Respectfully, I disagree. These emulating devices are seen as more of a threat to these large game corps because people can play their game by pirating. Why one earth would a greedy company who closed down a fan made Chrono Trigger 2 project be open minded to this.
These devices are not built as a competition to the large corps like Nintendo. It is to appeal to a niche of people, usually for gamers who are nostalgia about classic games or people who like to develop their own game if the device is open source. Currently only a couple thousanands unit of the Pandora is set to be produced, Nintendo and PSP sell hundred millions of their portable devices.
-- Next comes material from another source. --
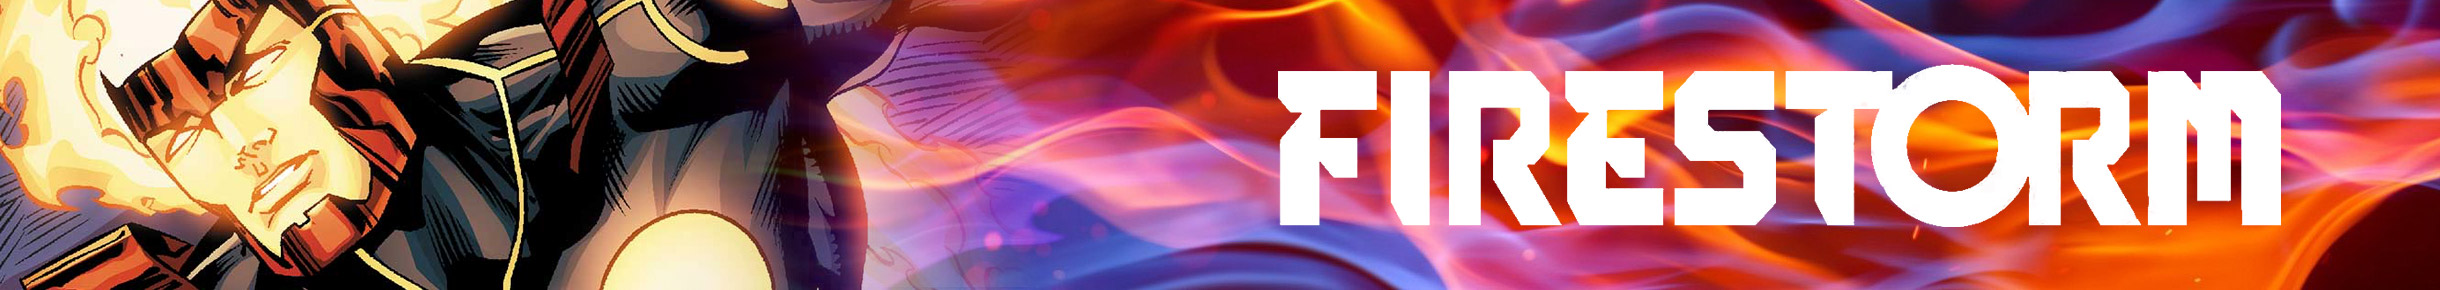 Firestorm Merchandise Banner

I believe there is a different business model to these devices that are made to do many things, as opossed to multibillion corps who don't sell devices that are too open in features, limiting the features and selling new products is how they make money.
Edited 2009-05-15 11:29 UTC
What you and a lot of people do not get about this class of hardware (and about linux) is, that it does not need to compete with the big market. It will play the classics and a few open source games and that is all it needs to do.
I don't want an DS or PSP where i have to hack around with the firmware to get the things running that i want to run. I don't want to spend a couple of thousand Dollars on an sdk to roll my own.
Furthermore, there isn't going a too big investment into the hardware. The base is usually a standard setup which is meant to go into PDAs or Cellphones, so they don't need to sell 100 000 units to get even, it's an nice little busyness if they can sell a few thousand which they likely will.
I don't want an DS or PSP where i have to hack around with the firmware to get the things running that i want to run.
-- Hi there. I'd like to introduce you to the Acekard 2 Nintendo DS flash cart.
http://www.iso420.org/nds/acekard2/index.htm
-- I understand "not wanting to hack around with firmware" (read: PSP), but if you're wanting to play homebrew or emulate old games (including SNES, many of which play at full speed) -- A Nintendo DS lite + flash card doesn't get any easier, and is pretty cheap. Especially if you already have a NDS and a MicroSD card laying around.
Admittedly it's not Linux-based (though a friend of mine HAS run Linux on his NDS with a memory expansion card), but it's still pretty neat.






Member since:
2008-11-22
Too bad no developer will take it seriously and it'll be used mainly to emulate older systems.
Software sells hardware. If they can get big developers like Bandai Namce, Square Enix, Capcom and Konami to support it, I can see it succeed as a platform.